Alexey · July 28, 2023, 7:52am

Then perhaps your node collected enough data to slow down your disk (if it doesn’t have issues though), so you may try to increase a timeout for a writeability check in your case.

Walter1 · July 28, 2023, 7:55am

Can you tell which line it is exactly in the config.yaml?

Alexey · July 28, 2023, 8:05am

You need to add a new parameter, if it doesn’t exist

save the config, and restart the node.
Use a Notepad++ editor to edit the config file and do not forget to save it.

daki82 · July 28, 2023, 8:51am

since it will take ages to defrag anyway, i would do it once a 1TB filled up every new TB.
maybe al 2-3 month

Walter1 · July 28, 2023, 9:01am

OK did it and pasted it above the other storage2 entries.

Am now curious if it passes trough stable. The defragmentation is also still runnning but shouldn’t be a problem parallel. Right?

daki82 · July 28, 2023, 9:12am

on healthy node no problem.
on slow node you can set it to full for less disturbing write while defrag.

atm my node with databases on ssd fragments at 0.2% per 50GB disk space used.or al 2days
so all 40-60 days defrag is ok i think. maybe 3 times a year also.

on my 7.8TB node with databases on disk. defrag will run for one whole week.

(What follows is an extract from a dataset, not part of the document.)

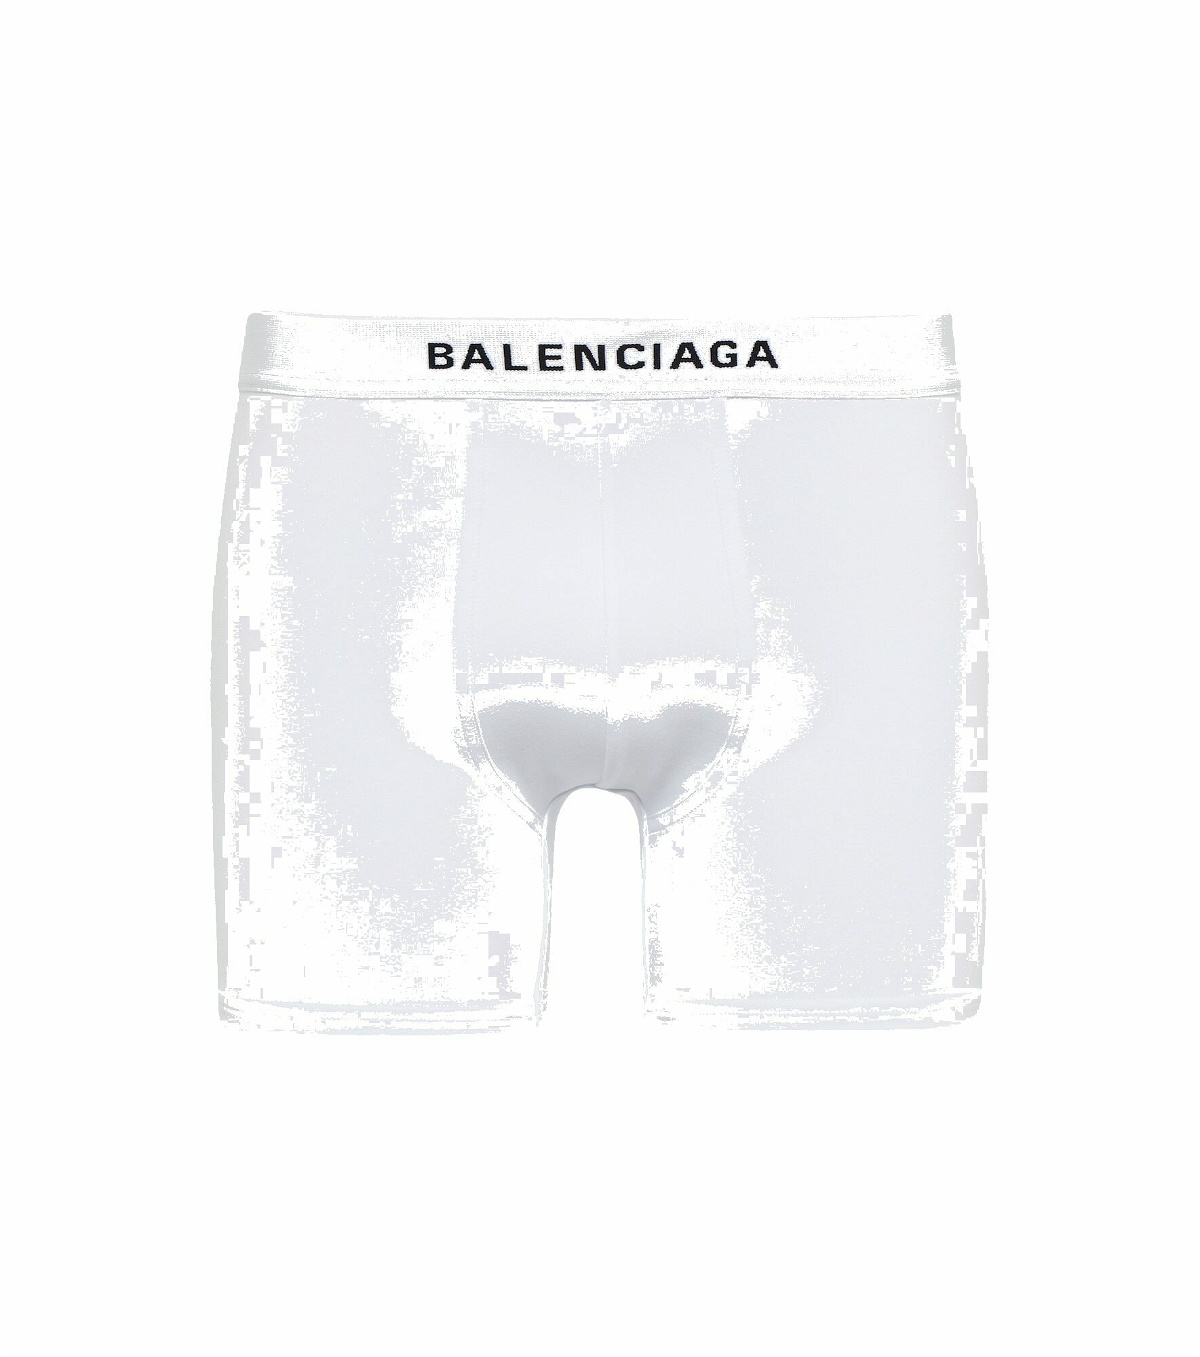 Buy Balenciaga Racer Logo Waistband Briefs 'White' - 766943 4B7B2 9060

Walter1 · July 28, 2023, 9:14am

I have also like ~8 TB and with database on it. That’s why I turned it on before the defragmentation is complete. ^^

arrogantrabbit · July 28, 2023, 7:16pm

Why are we discussing defragmentation here? Disable it. Vast majority of files are smaller than sector size.

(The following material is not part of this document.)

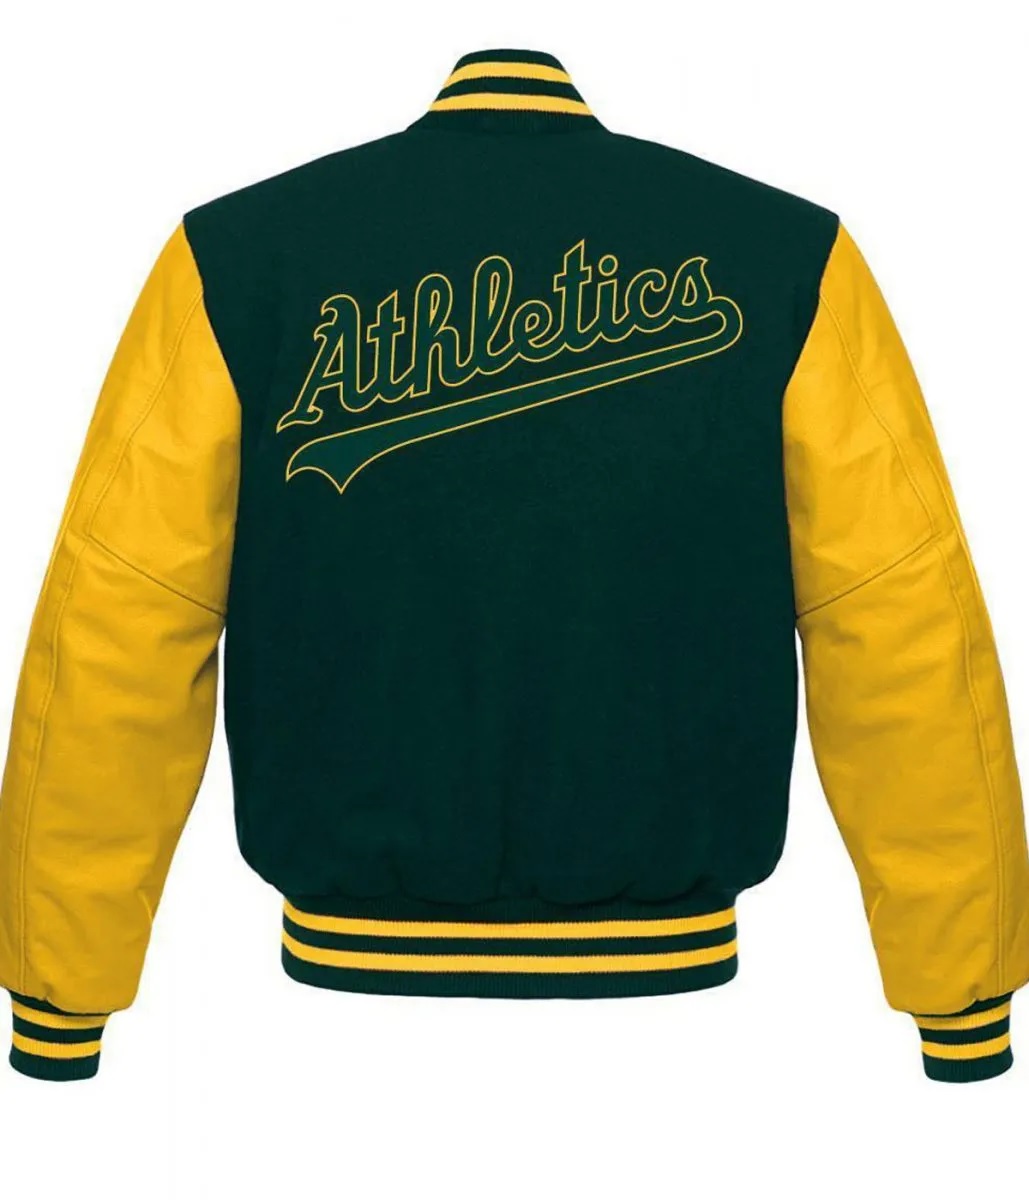 Oakland Athletics MLB Yellow and Green Letterman Jacket

Alexey · July 29, 2023, 7:08am

This is a bad practice, because the regular defragmentation will be shorter than if you run it once in several months especially on the storage location, where pieces moves very often (if it still has a free space).

right, it has a low priority.

on SSD the fragmentation has almost no impact on latency, since there is no mechanical moves.

I strongly disagree. Unlike ext4 the NTFS fs has a serious impact on latency due fragmentation.
So, please do not disable it for the storage location.

To support my opinion I can invite @Vadim to confirm that defragmentation has fixed an issue with disk timeouts for his setup.